Fair weather returned to Scotland between the 20th and 24th as high pressure built in the Atlantic towards Iceland and a light northerly airflow covered the country. It was cloudy in the north at times but central and southern districts experienced plenty of sunshine.

The dry weather continued from the 25th to the 27th as the light northerly airflow continued. However, it was rather cloudy in most places away from the west and southwest. It was also cool with the temperature falling to 3 °C at Fife Ness and West Freugh on the 27th.

From the 28th to the 30th a depression moved from the Bristol Channel to the North Sea and its front brought cloud to the whole of Scotland and slight rain to the south and east. On the 28th the maximum temperature at Eskdalemuir was 11 °C. Fair weather returned to the south and west on the 31st as a ridge of high pressure approached from the west.

Northern Ireland diary of highlights

Mostly warm and dry, but duller than average.

The first week of the month was rather changeable with showers or some longer spells of rain in places and temperatures around average for the early part of July.

A warm front moved eastwards on the 8th, bringing some light drizzly rain but introduced much warmer and humid air across all areas. Pressure rose and the period between the 9th and the 13th was fine and increasingly hot with long sunny periods.
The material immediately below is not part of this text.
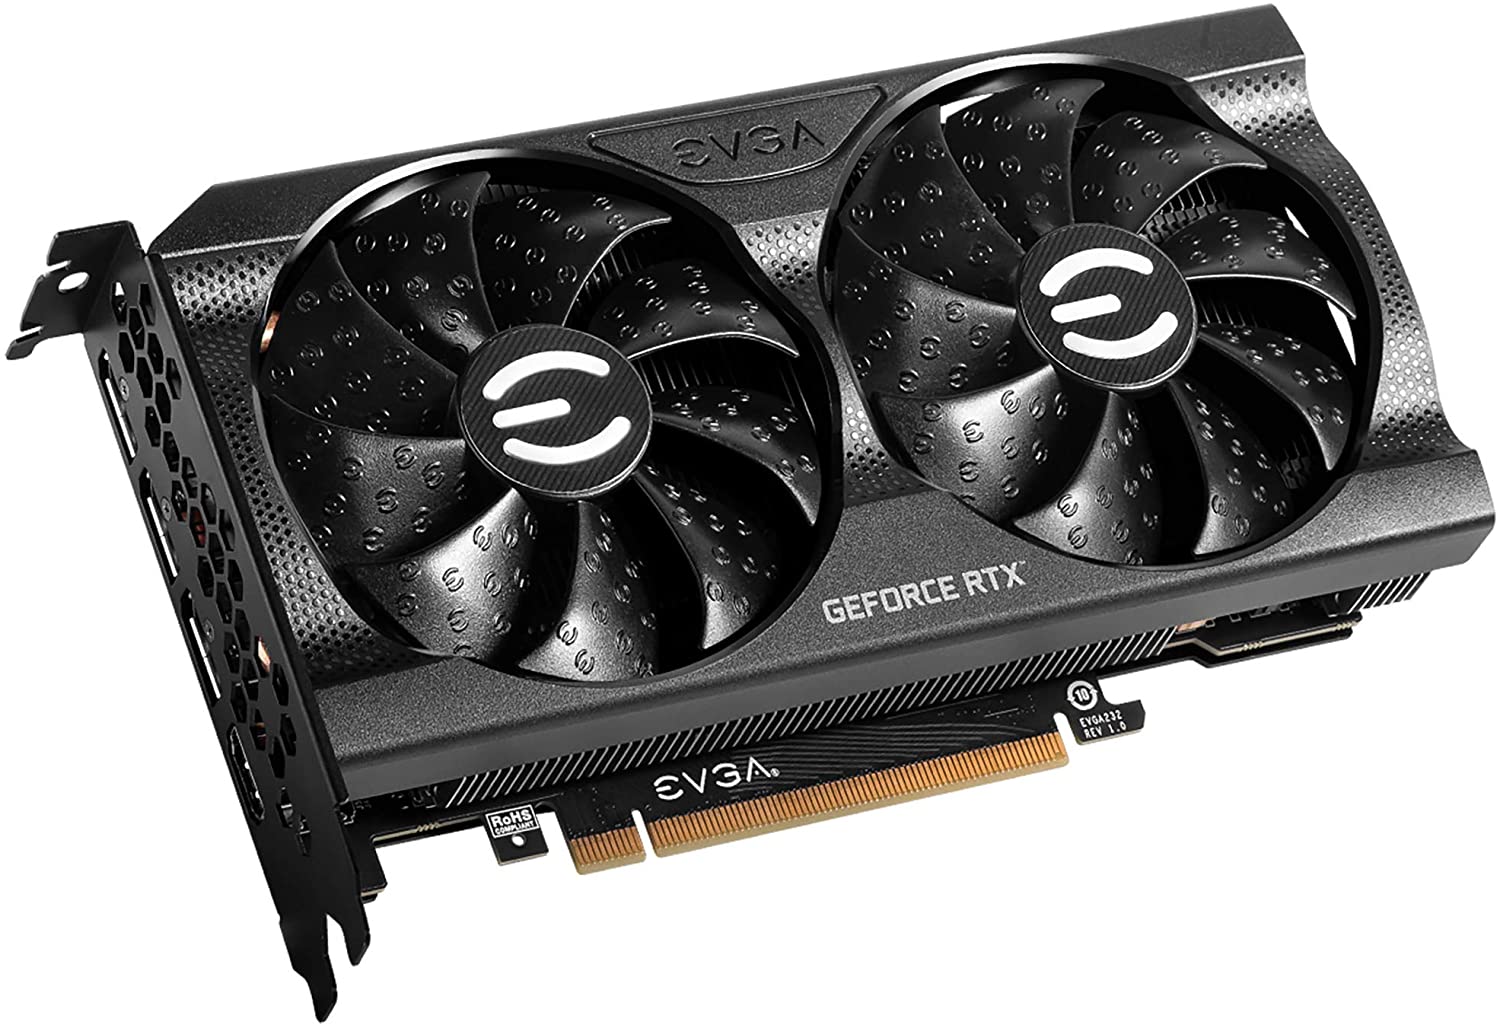 EVGA NVIDIA GeForce RTX 3060 XC Restock Spotted for Just $47.76 Past SRP | Scalper Prices Ending?
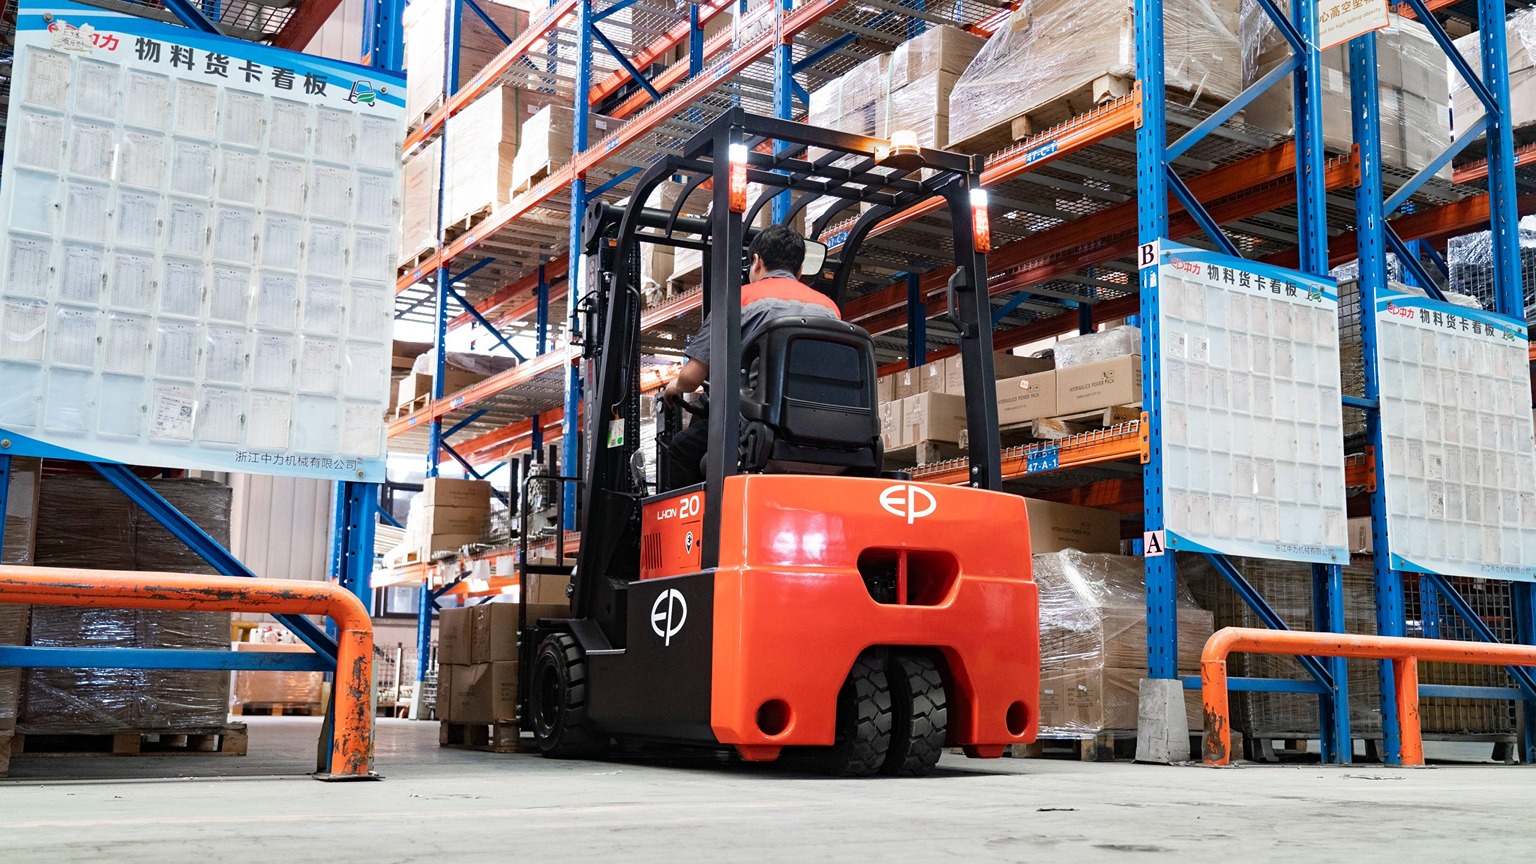 TVL forklift truck being used in a warehouse.

Temperatures rose to the mid-to-high 20's and on the 11th a peak of 29 °C was observed in County Fermanagh. The same day, Belfast airport recorded 28 °C, its hottest day in July since 1989.

The 14th was cloudy and much cooler with some showery rain spreading south-east across all areas through the day. The 15th was then dry but cool with temperatures typically 16 or 17 °C.

Another weak warm front moved across the area on Saturday the 16th and humid air returned; Sunday the 17th turned into a hot and sunny day in many areas with temperatures again peaking in the mid 20's °C. This was followed by some heavy late evening showers in the north-west.

The 18th to the 21st were cooler and fresher once again with winds often from a North-westerly direction. Most days though had some sunshine and it turned temporarily warmer again on the 14th with temperatures locally up to 23 °C.

The last week of the month was very much cooler and the 28th and 29th were wet days in the south and east when a slow moving front gave 20 mm or more in places. Under the wet weather across parts of Armagh and Down, temperatures struggled at an unseasonably cool 12 to 14 °C. During this period, many parts of Fermanagh, Tyrone and Londonderry had little or no rain.